Jeanette talked on and off, many times, about working on/finishing her autobiography. It never did get published. One of the most basic problems was that it was not “juicy” enough to be considered an exciting read—well, that falls in line perfectly with the MacDonald publicity machine, public image and fan club offerings, right? Square, square, square. Boring, fuddy-duddy, churchy, Republican, suburban-type has-been movie star.
(…who liked to do the wild thing with Nelson Eddy in the sweet, sweet night.)
(…and said bad words.)
(…and actually consumed alcohol.)
She worked on her book a lot, and revised it a lot, and submitted it and was told to cut some of the early childhood, that people were more interested in after she got on the stage, so she did that. She hired people to help her and ultimately, it didn’t matter. She was not in good health and browbeating herself over what to include or not include in her book was too taxing. Fredda Dudley Balling, a well-known magazine writer, worked extensively on this project with Jeanette and noted that Jeanette could really only work a few hours a day, but the two of them soldiered on until they had this 350 page manuscript. When they submitted it, it came back all cut up with 50 pages of material deleted and that was the last straw.
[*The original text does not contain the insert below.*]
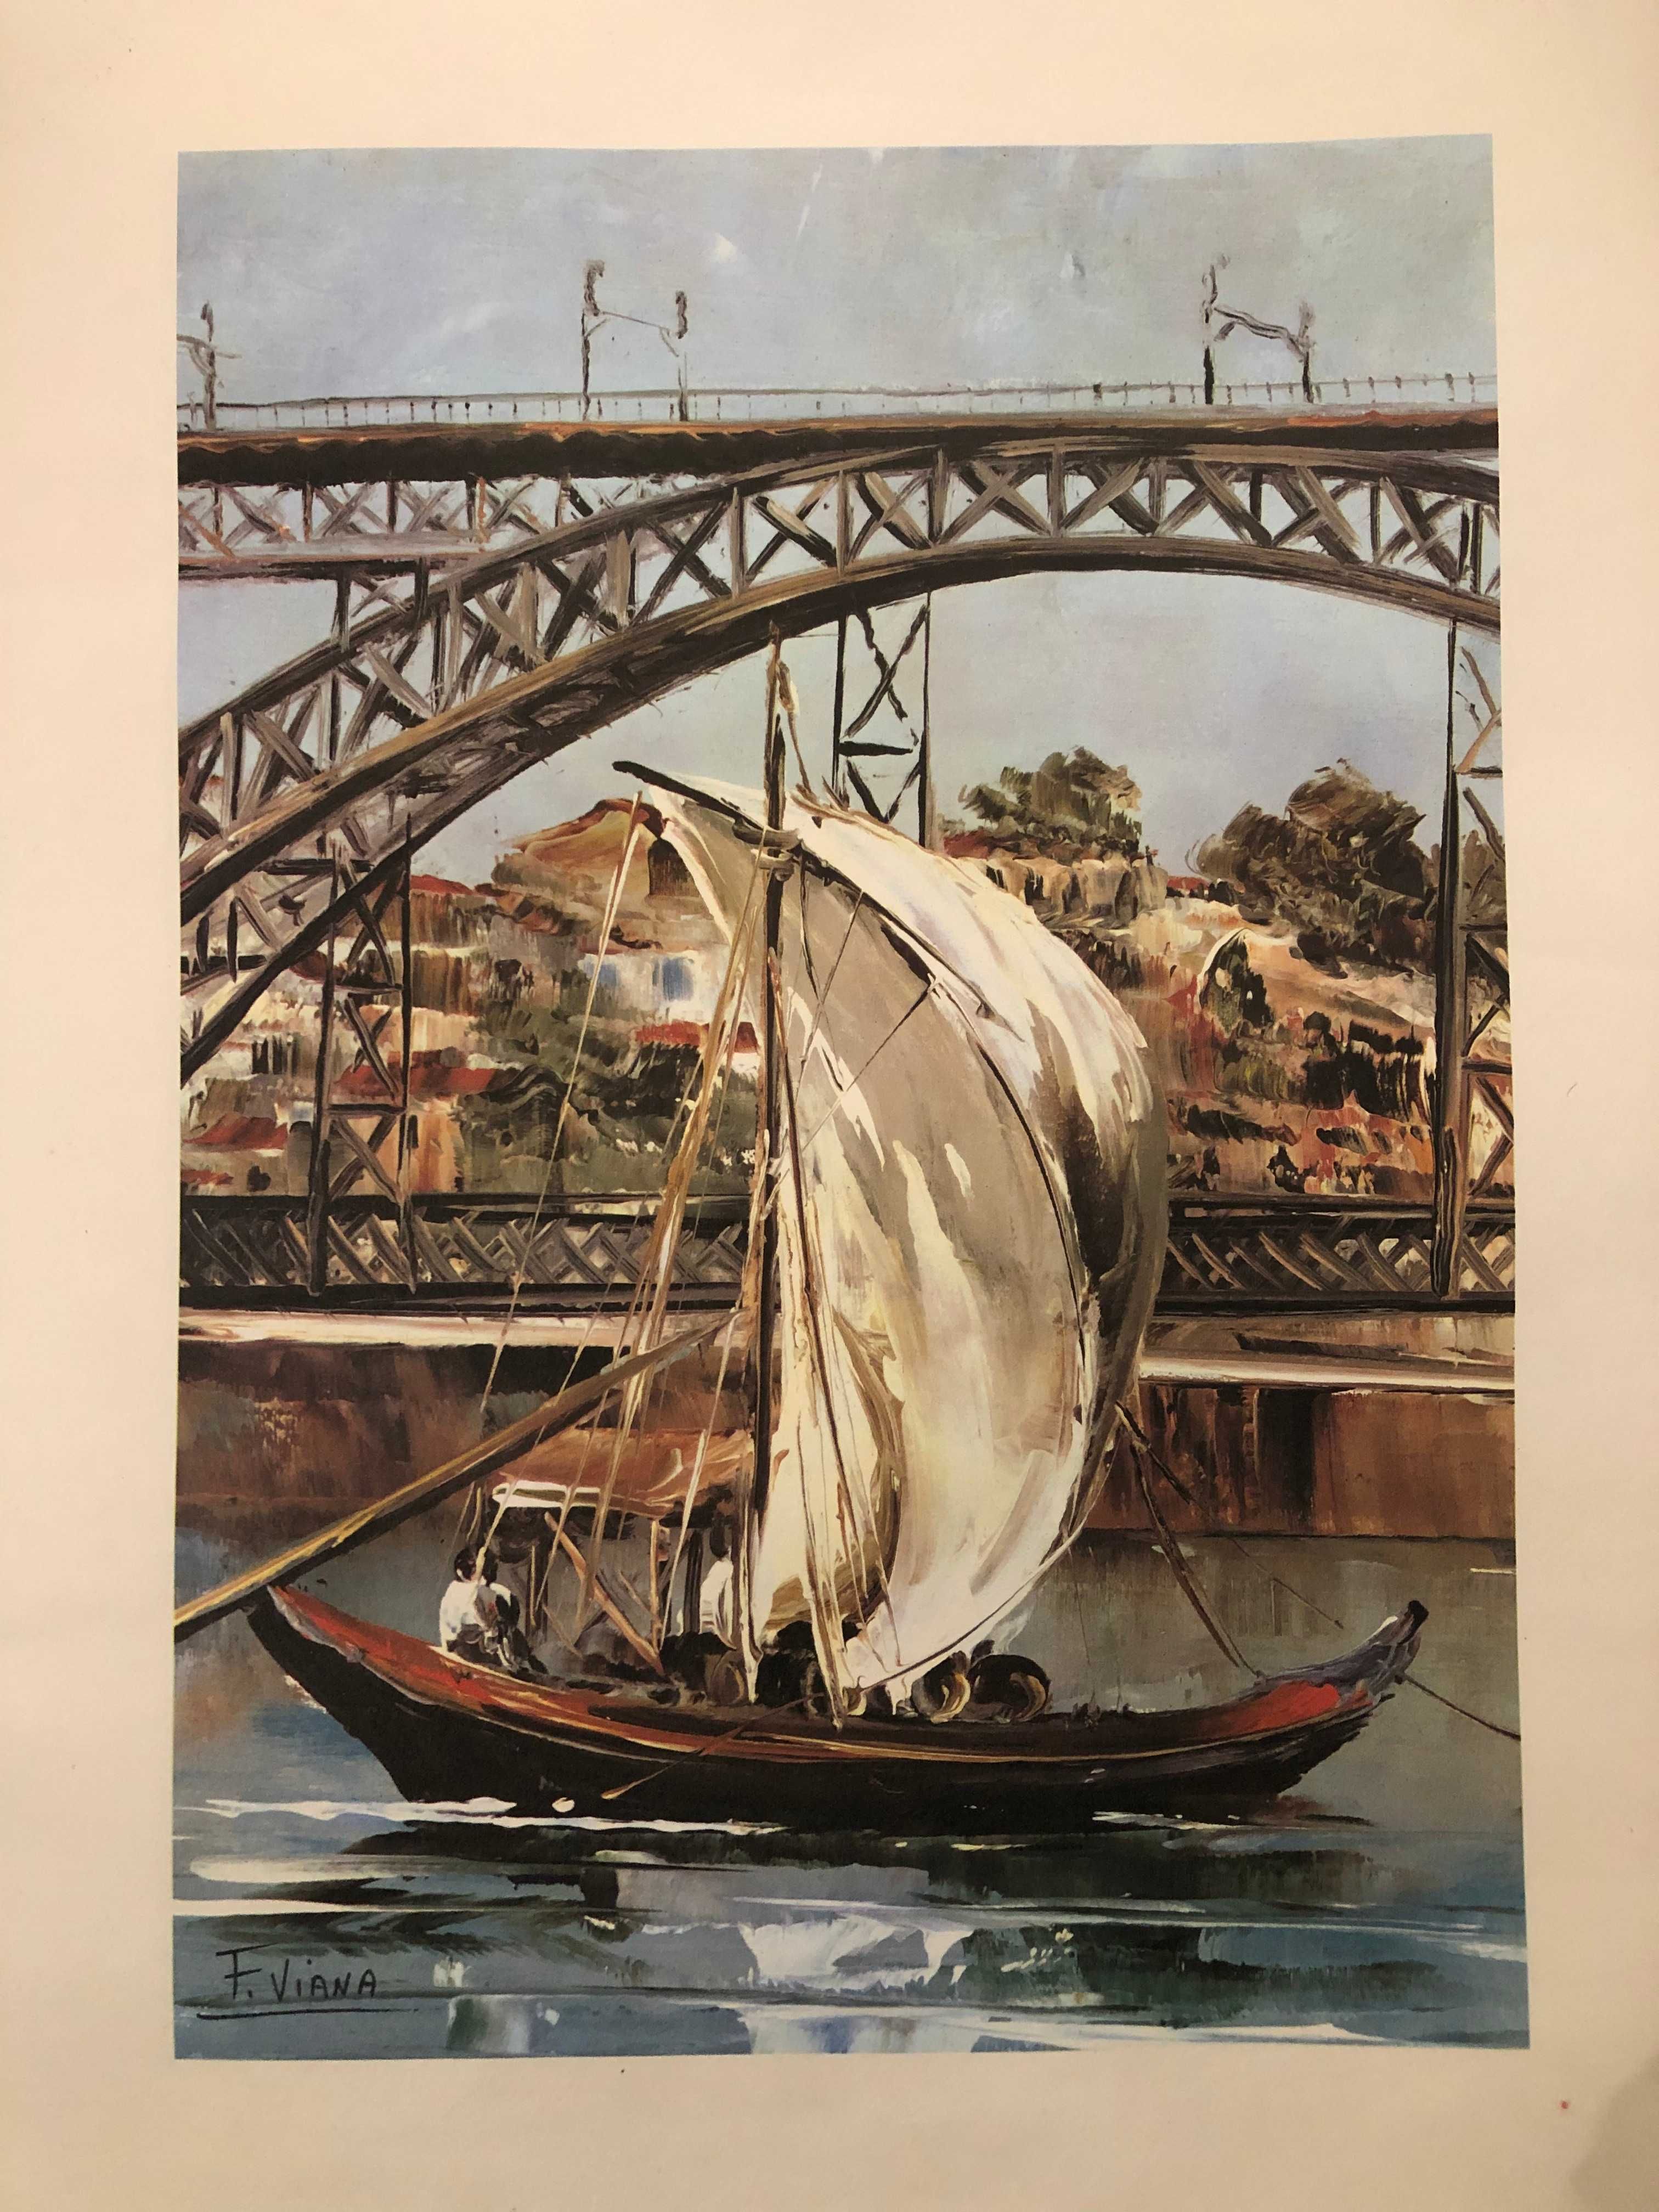 Reprodução pintura Francisco Viana (sem moldura) barco rabelo no Porto

According to a letter from Fredda Balling dated March 6, 1965, Jeanette (in 1960, when this was happening) called her in frustrated tears and explained what had happened with the publishers basically pulverizing her manuscript. That was it. At great expense, Jeanette sold bonds, returned the sizable advance against presumed royalties and abrogated her contract.
The autobiography was done for.
That is, until it was discovered and put into the hands of Sharon Rich, who annotated it and got it out there for us to enjoy and study.
Study being the right word. Some of the things Jeanette has to tell us in this book are charming and amusing and wonderful. But the very BEST part is the handwritten notes literally all over the manuscript. She adds stuff, changes stuff, crosses things out, makes notes in margins, does [incorrect] math in margins…..it is a total field day for the person interested in studying this fascinating human being.
Here’s a sample page.
I mean, the whole book is like that. There are VERY few pages that she hasn’t marked up in some way. Fascinating stuff.
In and of itself, that’s plenty of reason to own this book.
While we were in Washington, I was thumbing through this thing for the 923842738429384236275347534953th time (why do I have to always lug such huge books with me everywhere I go?), and Angela and I got to talking about it. I did something with the pages of this book, the visual of which absolutely struck her and she insisted that I demonstrate the same thing on the blog. I agree, it’s pretty damn compelling.
Okay, so we’ve already said that this manuscript is 350 pages long, right? And that it was summer of 1960 that she was busy trying to get it finished.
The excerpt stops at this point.